Таня непроизвольно сжала кулаки: убить ее, что ли, эту кулему, чтоб не мучилась? А Китеныша усыновить, из нее, Тани, выйдет куда лучшая мамаша, чем из этой… гмм… глупой казашки.
Подумать только - опять уволили! Казалось бы, чего легче - работать в книжном магазине! В тепле, в красивом помещении, среди книг, вежливых спокойных людей, в самом центре города, всего-то две остановки от дома…
Таня сердито хмыкнула: какой смысл себе-то врать? Продавщица из Саулешки - пусть и в книжном магазине! - как из нее, Татьяны, балерина. Эта… гмм… казашка! - от покупателей только что не шарахалась. Еще с детьми или с женщинами кое-как общалась, а уж от мужчин трусливая Саулешка пряталась за стеллажами. И это вместо того, чтобы выполнять свои обязанности - консультировать.
"Нет, тетя Света в своем праве, она не миллионер - платить деньги просто за красивые глазки. - Таня оглянулась на магазин. - И Саулешка ей никто, подумаешь, дочь подруги за нее попросила…"
Таня в сердцах пнула пустую пивную банку и почти упала на скамью в сквере, нужно было обдумать, что делать дальше. Саулешку, понятно, она вечером убьет, но вот проблемы это не решит. К сожалению.
Нет, сам черт столкнул их в московском поезде!

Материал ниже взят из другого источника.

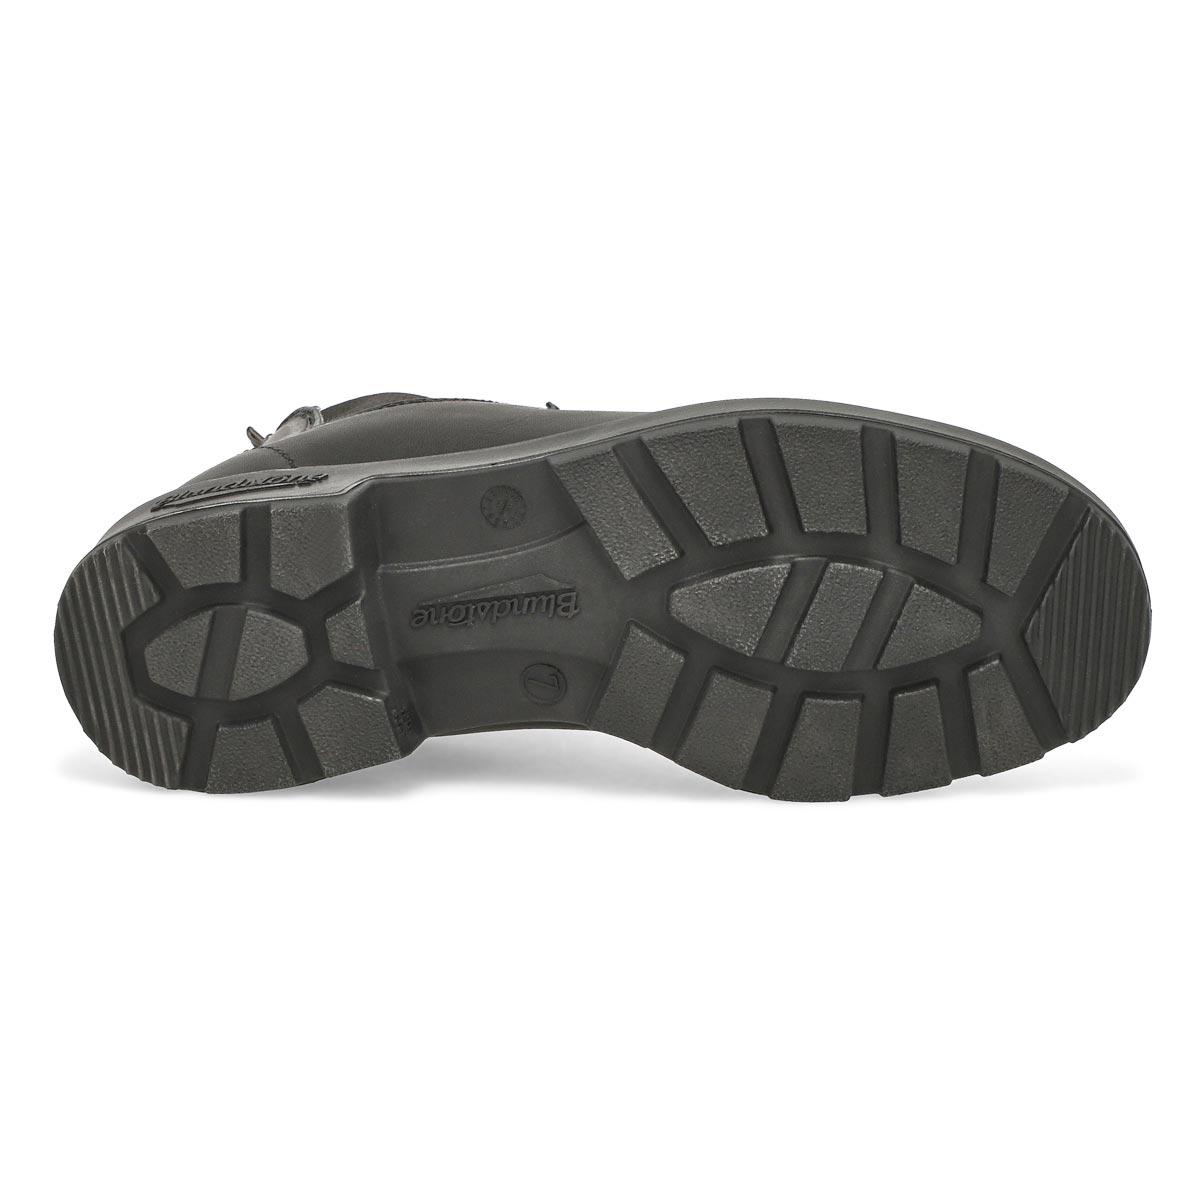 Unisex Original black twin gore boot

Впрочем, любая палка о двух концах, иначе б она не знала Китеныша.
Таня мрачно улыбнулась, припоминая события почти семилетней давности. Она тогда в конце августа возвращалась домой. Навещала бабушку. В первый раз ездила одна, без родителей, поэтому чувствовала себя ужасно взрослой и самостоятельной: все-таки только что окончила школу, без труда поступила в местный университет, да еще на бюджетное место, есть чем гордиться.
Тане в тот день повезло, кроме нее в купе оказалась лишь пожилая дама, да и та крепко спала. Слава богу, никто не приставал с расспросами, никто не жаловался на свои болячки и не рассказывал истории про гениальных внуков.
Все это предстояло выслушать утром - поезд приходил в Москву лишь в полдень.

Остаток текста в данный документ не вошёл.